Would you consider the following sentences acceptable without the word _niin_?


_Jos he eivät lähetä meille mitään varoja myytäviksi, *niin* miten pidämme myymälää toiminnalla??_

_Jos kerää ohdakkeita, *niin *pitäisi odottaa piikejä._


Hyvää hiihtolomaa (ellei se ole jo ohi?)


----------



## Grumpy Old Man

The sentences are fine without _niin._ I would definitely omit it. However, there are other problems.

_"Jos he eivät lähetä meille mitään varoja myytäviksi, *niin* miten pidämme myymälää toiminna*ssa*?_"

I have corrected the obvious mistake. I would also prefer _myymälä*n* toiminnassa. _The beginning is correct grammatically but the idea of _myydä varoja_ is odd because _varat_ usually means "money". One doesn't usually sell money. It is also more common to say _myytäv*ä*ksi_ even though _varoja_ is plural.

_"Jos kerää ohdakkeita, *niin *pitäisi odottaa pii*kk*ejä."_
Double k in _piikkejä._ The sentence is grammatical and easily understandable. I don't think many Finns would ever utter it, though. If I were ever to say something like the idea expressed in the sentence, I would avoid _odottaa: Jos kerää ohdakkeita, pitää varautua piikkeihin. _Or: _Jos kerää ohdakkeita, ei pidä yllättyä piikeistä.

_GOM


----------



## sakvaka

Grumpy Old Man said:


> The sentences are fine without _niin._ I would definitely omit it. However, there are other problems.

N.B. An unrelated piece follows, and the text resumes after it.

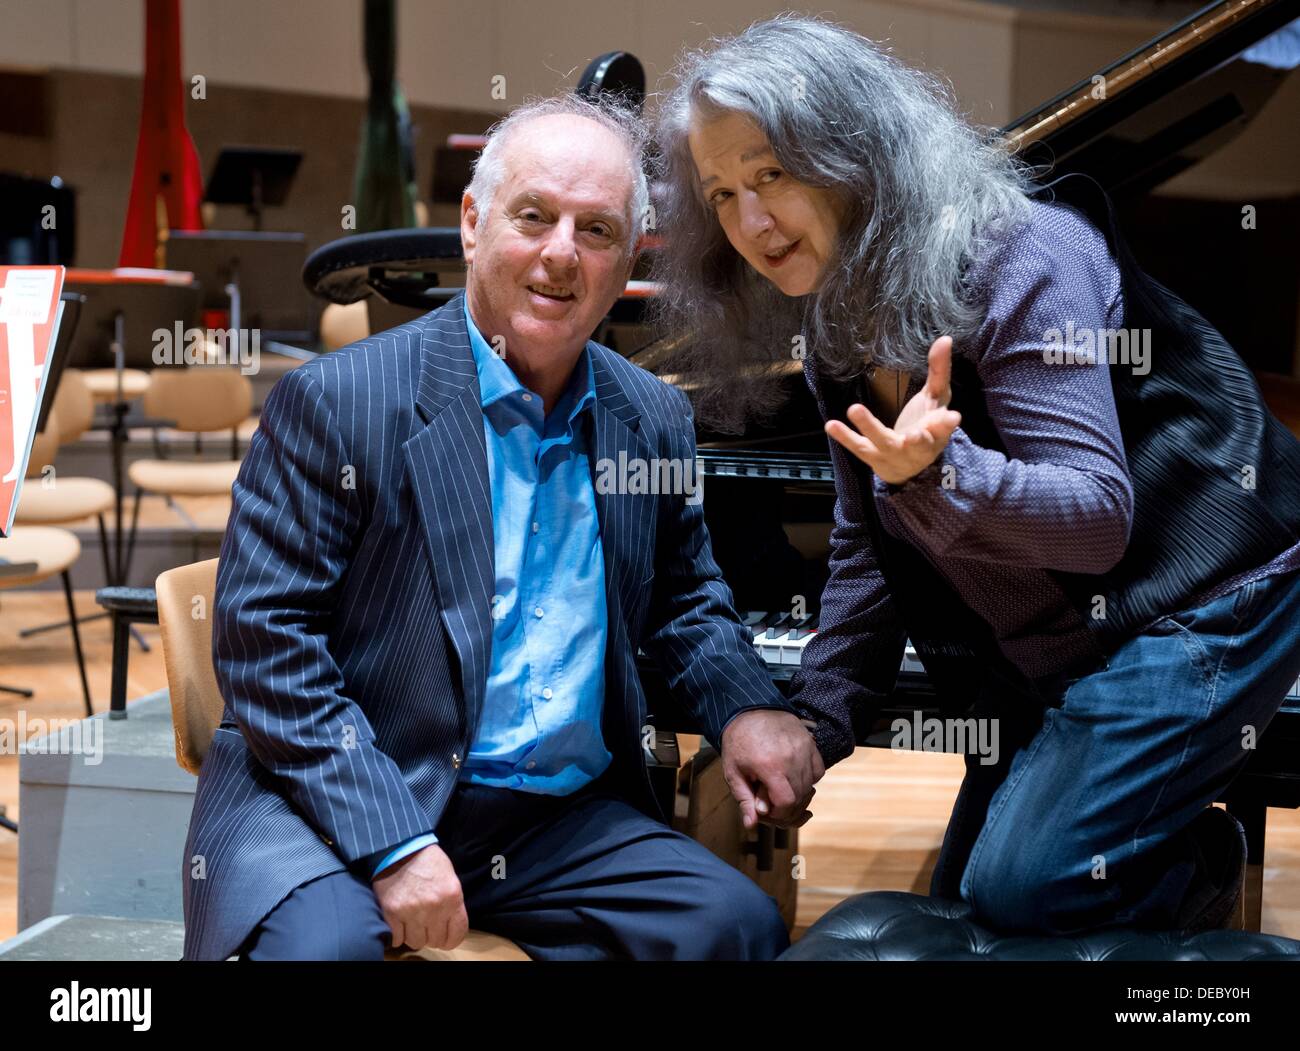 Berlin, Germany. 14th Sep, 2013. Director Daniel Barenboim and the Argetinian piano player, Martha Argerich, talk to each other after a rehearsal in the philharmonic hall of Berlin, Germany, 14 September 2013. Photo: SOEREN STACHE/dpa/Alamy Live News Stock Photo

How about in spoken language? Do you feel an instinctive urge to add _niin_?

@Gavril: (Koko?) Uudellamaalla hiihtoloma alkoi tänä viikonloppuna. Sen sijaan täällä Itä-Suomessa on vielä viikko koulua. Oh, and _varat _= assets.


----------



## Grumpy Old Man

sakvaka said:


> How about in spoken language? Do you feel an instinctive urge to add _niin_?


I guess I might use it in informal style.

GOM


----------



## Gavril

Grumpy Old Man said:


> _"Jos he eivät lähetä meille mitään varoja myytäviksi, *niin* miten pidämme myymälää toiminna*ssa*?_"
> 
> I have corrected the obvious mistake.



What's the obvious mistake (just curious)? I don't see a difference between your corrected sentence and my original sentence, other than _toiminnassa._



> I would also prefer _myymälä*n* toiminnassa. _The beginning is correct grammatically but the idea of _myydä varoja_ is odd because _varat_ usually means "money". One doesn't usually sell money.


Sorry, I should have used _tavara_ instead of _varat_.

I used _varat _because the WSOY dictionary translates _varat _as "supplies"; however, that isn't necessarily the same thing as "wares (for selling)".


----------



## Gavril

sakvaka said:


> How about in spoken language? Do you feel an instinctive urge to add _niin_?



Would you say that the younger generation tends to use _niin _in the type of sentences we're discussing? (Oletan, että olet nuorempi kuin GOM, vaikken muista juuri minkä perusteella.)


----------



## Grumpy Old Man

Gavril said:


> What's the obvious mistake (just curious)? I don't see a difference between your corrected sentence and my original sentence, other than _toiminnassa._


You have spotted the obvious mistake.

GOM


----------



## Gavril

Grumpy Old Man said:


> You have spotted the obvious mistake.
> 
> GOM



Ah, I was thrown off by the word "also" in your answer ("I would also prefer _myymälä*n* toiminnassa._"), because I didn't notice (until now) that you were referring to the _-n _in _myymälän_, rather than to the _-ssa _in _toiminnassa._


----------